*** Information supplied

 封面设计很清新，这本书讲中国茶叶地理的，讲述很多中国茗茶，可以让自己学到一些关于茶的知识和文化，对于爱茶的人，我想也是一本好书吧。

******
*** Information supplied

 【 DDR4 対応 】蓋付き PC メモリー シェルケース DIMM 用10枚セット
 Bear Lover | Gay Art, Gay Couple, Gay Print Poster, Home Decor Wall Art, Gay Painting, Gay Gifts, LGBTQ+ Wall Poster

******
*** Information supplied

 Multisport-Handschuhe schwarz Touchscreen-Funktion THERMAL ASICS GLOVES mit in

******

◆ **What is being asked**
Quote the listing above, but only from the line that shows "シェルケース DIMM 用10枚セット" through the line that shows "Bear Lover |".

◆ **Answer**
 【 DDR4 対応 】蓋付き PC メモリー シェルケース DIMM 用10枚セット
 Bear Lover | Gay Art, Gay Couple, Gay Print Poster, Home Decor Wall Art, Gay Painting, Gay Gifts, LGBTQ+ Wall Poster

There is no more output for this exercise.